Of course, he’s got some good points:

“As defenders of a unique discipline inextricably linked to the origin of American values and traditions, classicists also need to introduce the Greeks and Romans to a wider public, both to enrich contemporary American society and to bring both an ability to popularize and a much needed pragmatism to what has otherwise become a stultifying and often pedantically narrow field.”

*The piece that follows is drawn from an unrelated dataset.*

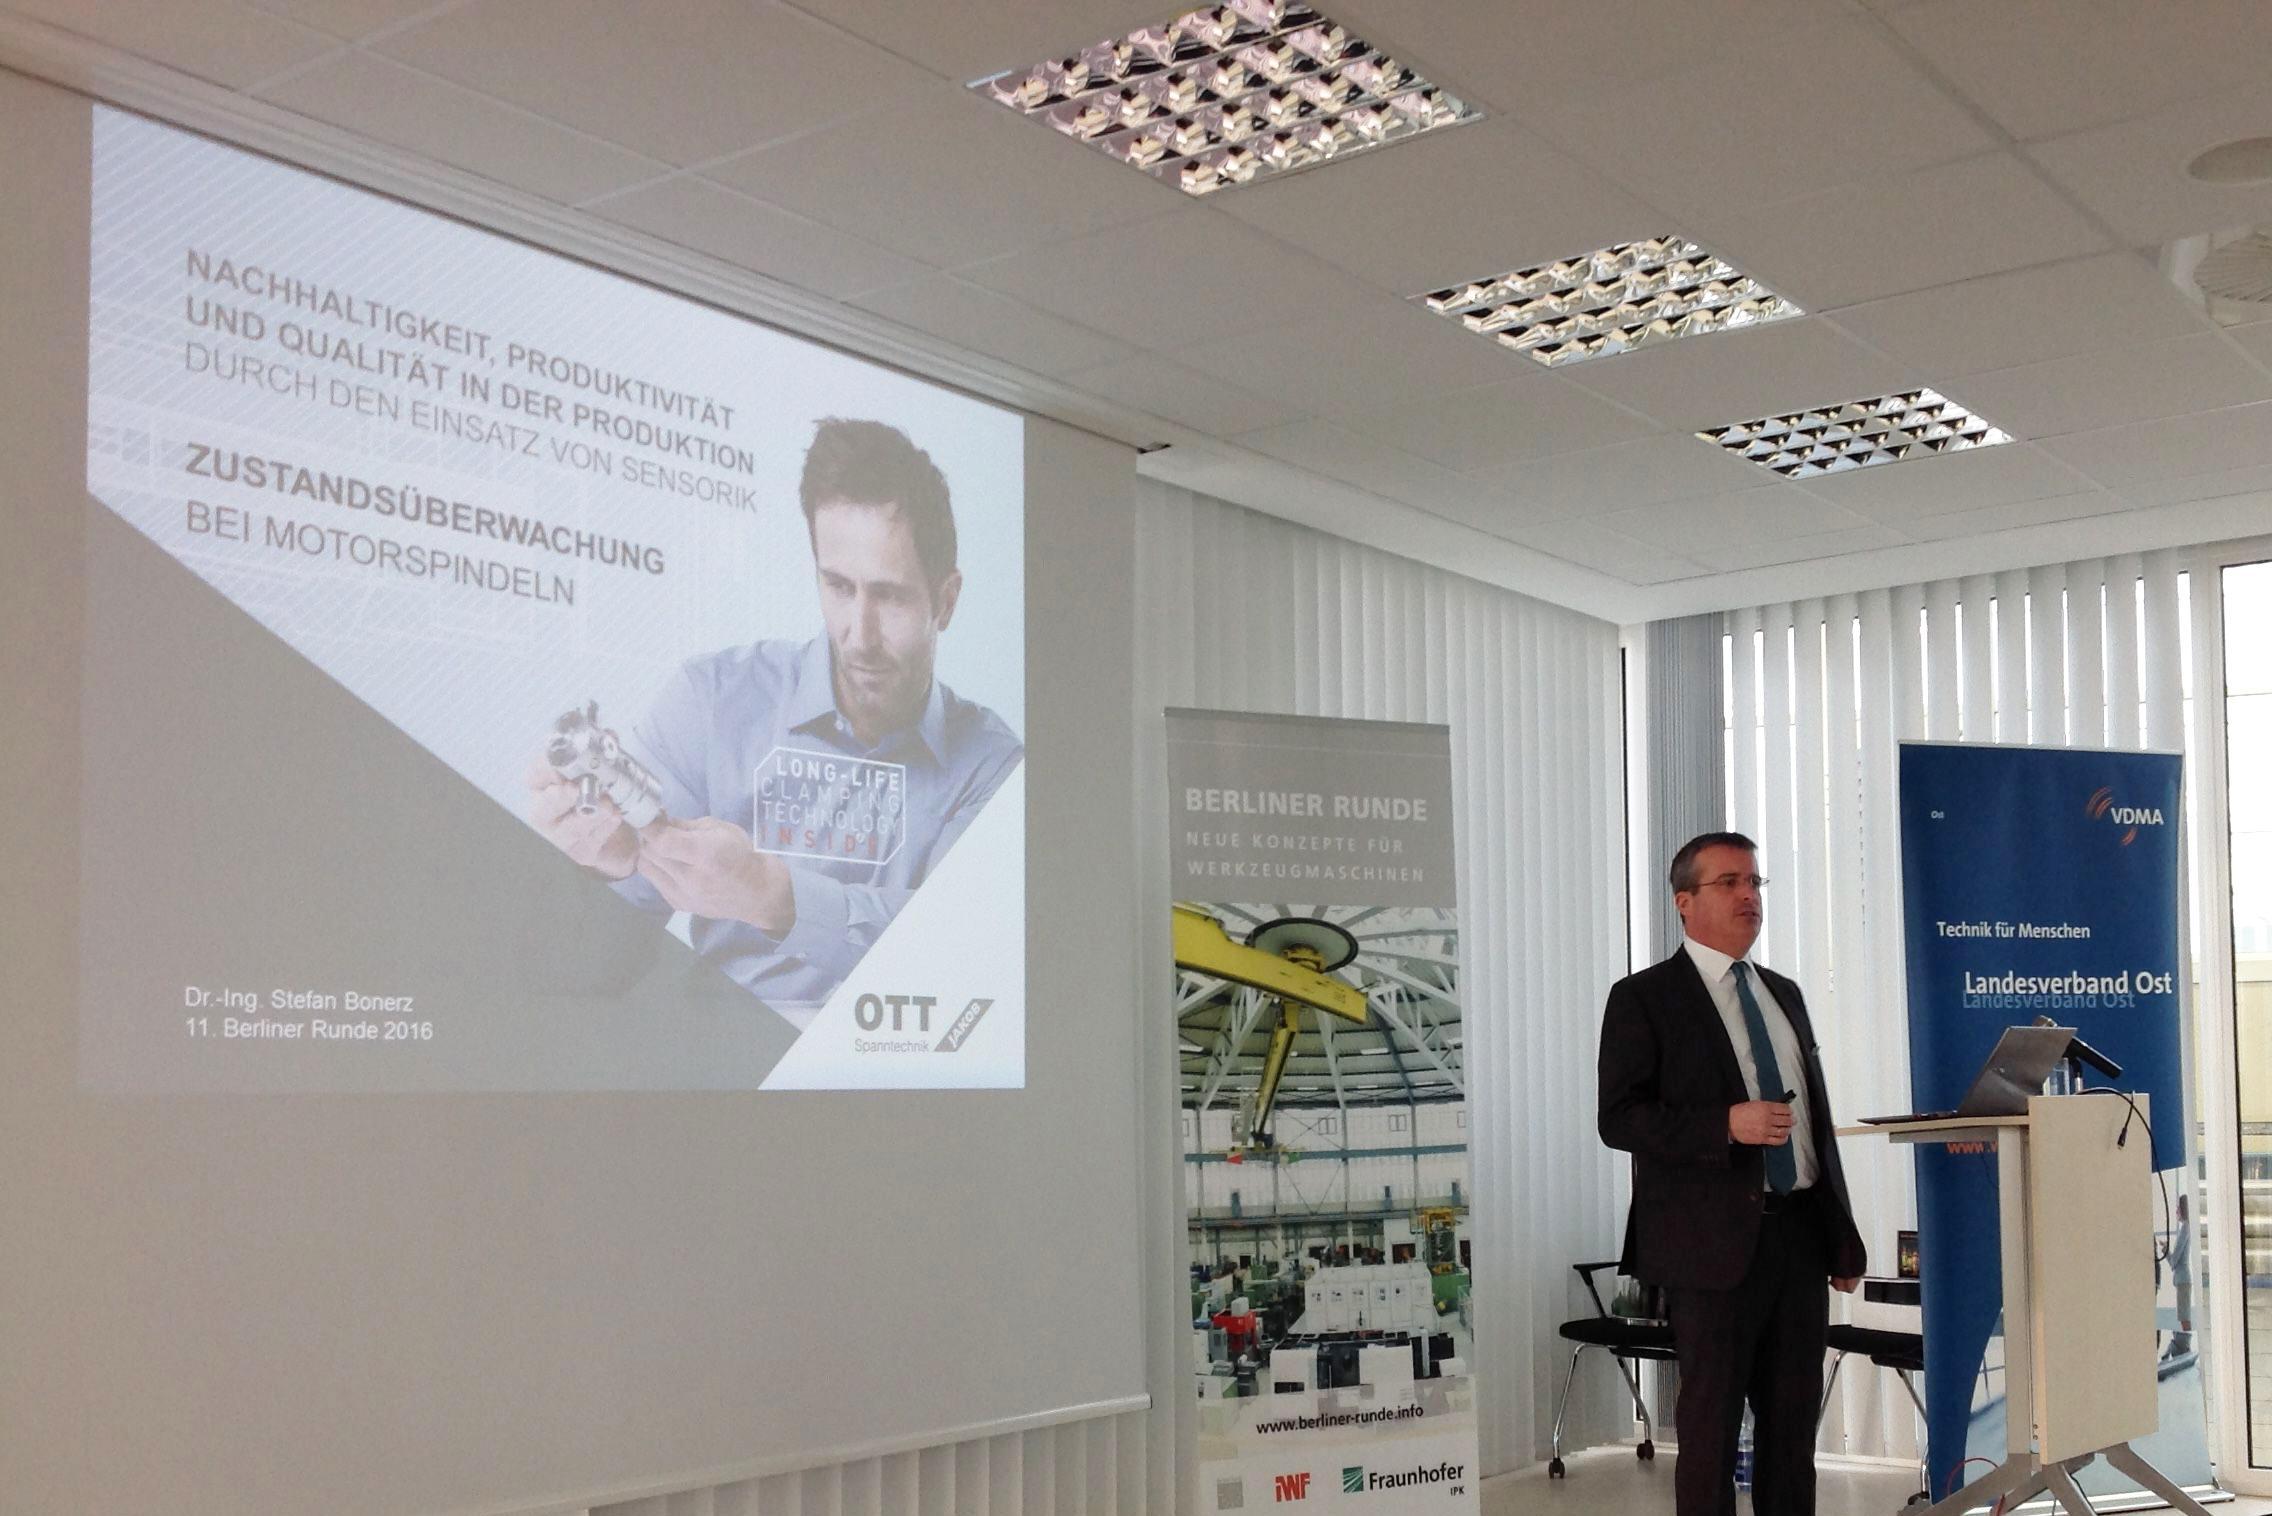 Ott Jakob - Unternehmen - Bild - OTT-JAKOB beteiligt sich an Berliner Runde 2016
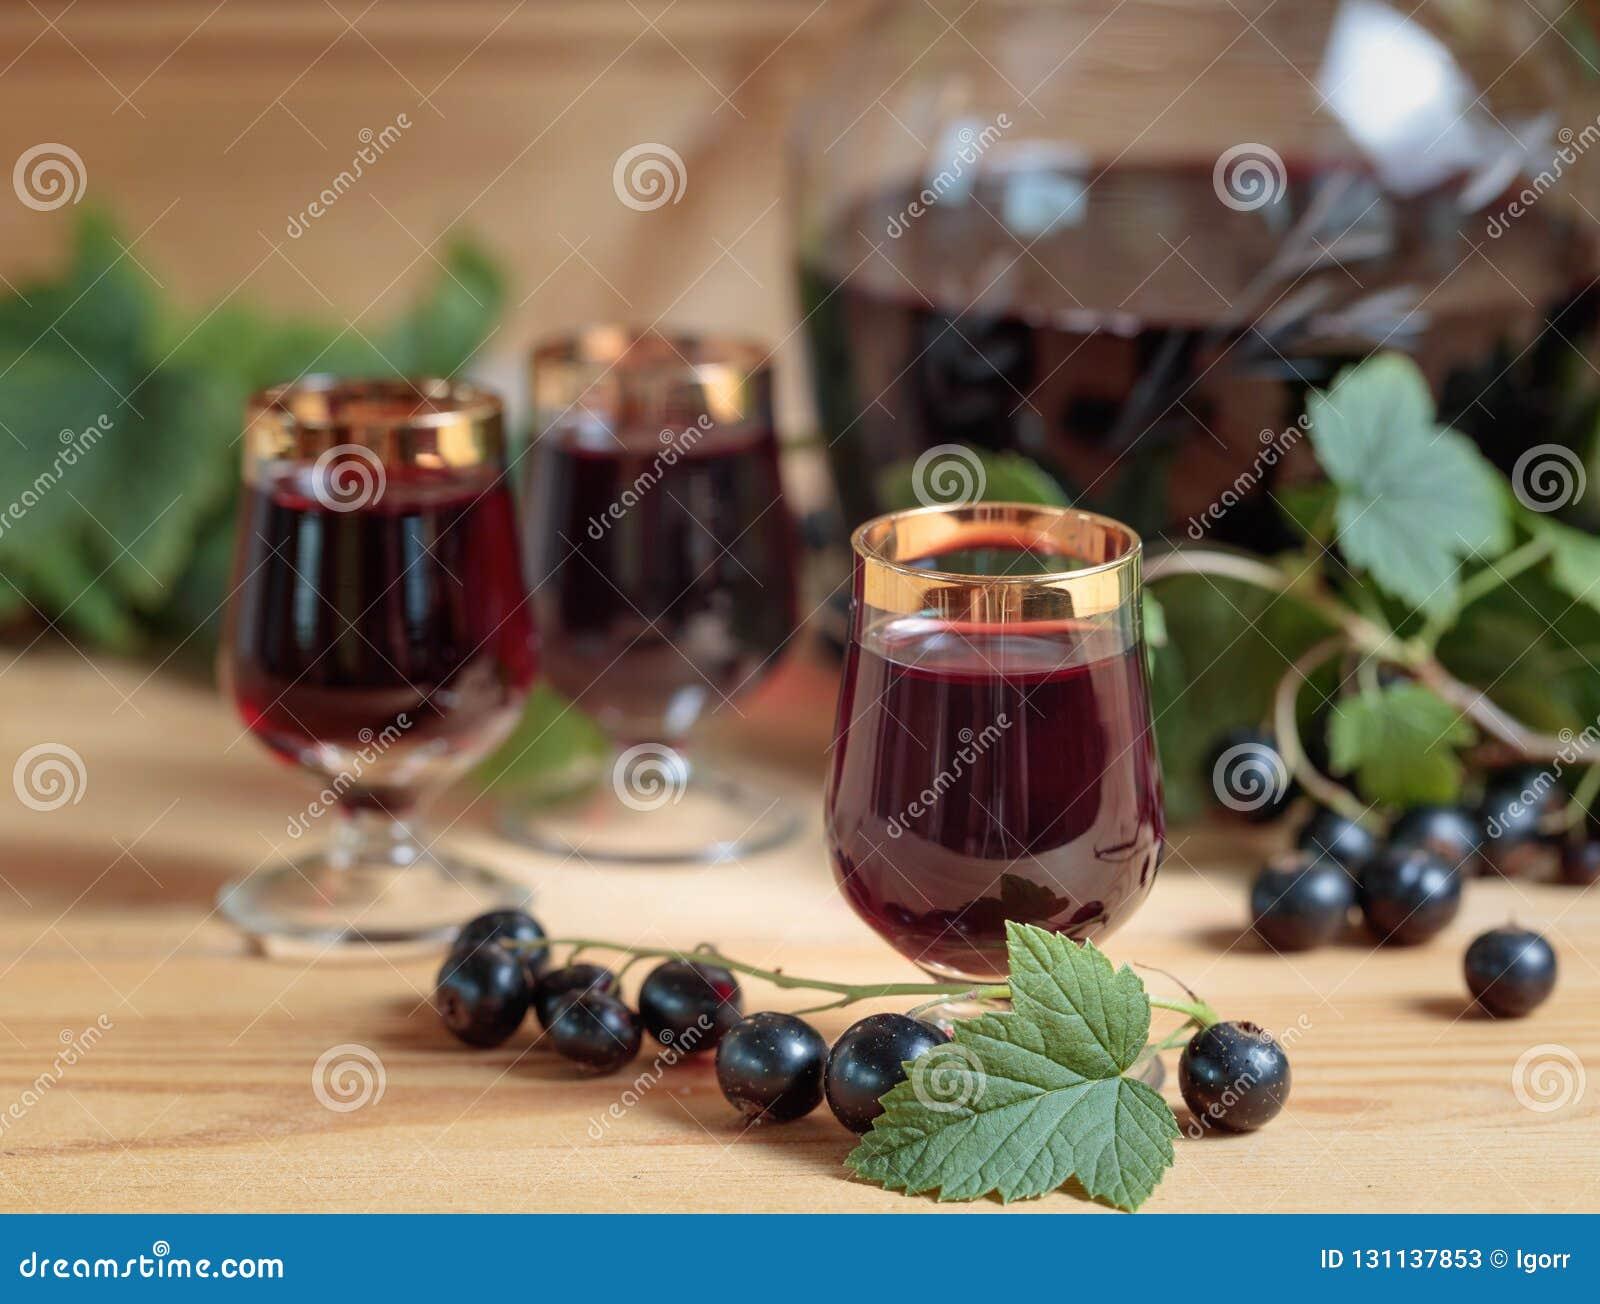 Homemade black currant liqueur and fresh berries .

Not much here you won’t find in Allan Bloom (which I think gets some things right and some things very wrong).  Values?  Well, the Greeks and Romans are important I suppose.  Anyways, we’ve gotten away from our intellectual roots:

“In acknowledgment of such frequent controversies and loud revisionism, the compromise is that “Western civilization” continues to metamorphose into something known as “World Civilizations”: India, China, Africa, and the New World merit roughly the same attention in the university core curriculum as the West, inasmuch as they are merely “different,” hardly less influential in the formation of Western and now global civilization.”

Okay, I’ll bite, there do seem to be some departments in universities intellectually adrift, too easily tethered to a set of ideas (certain French philsophers, moral relativism, probably even in response to logical positivism) that thus could be tethered to deeper classical, and Western ideas.  

Though as for the hubris of moral relativism, Hanson’s mixing of current politics and philosophy seems just as, if not more, guilty of hubris.  

Maybe I’ll just read Aristotle on my own…with an open and focused mind, asking questions.  Aren’t other people doing this in universities…without political agendas?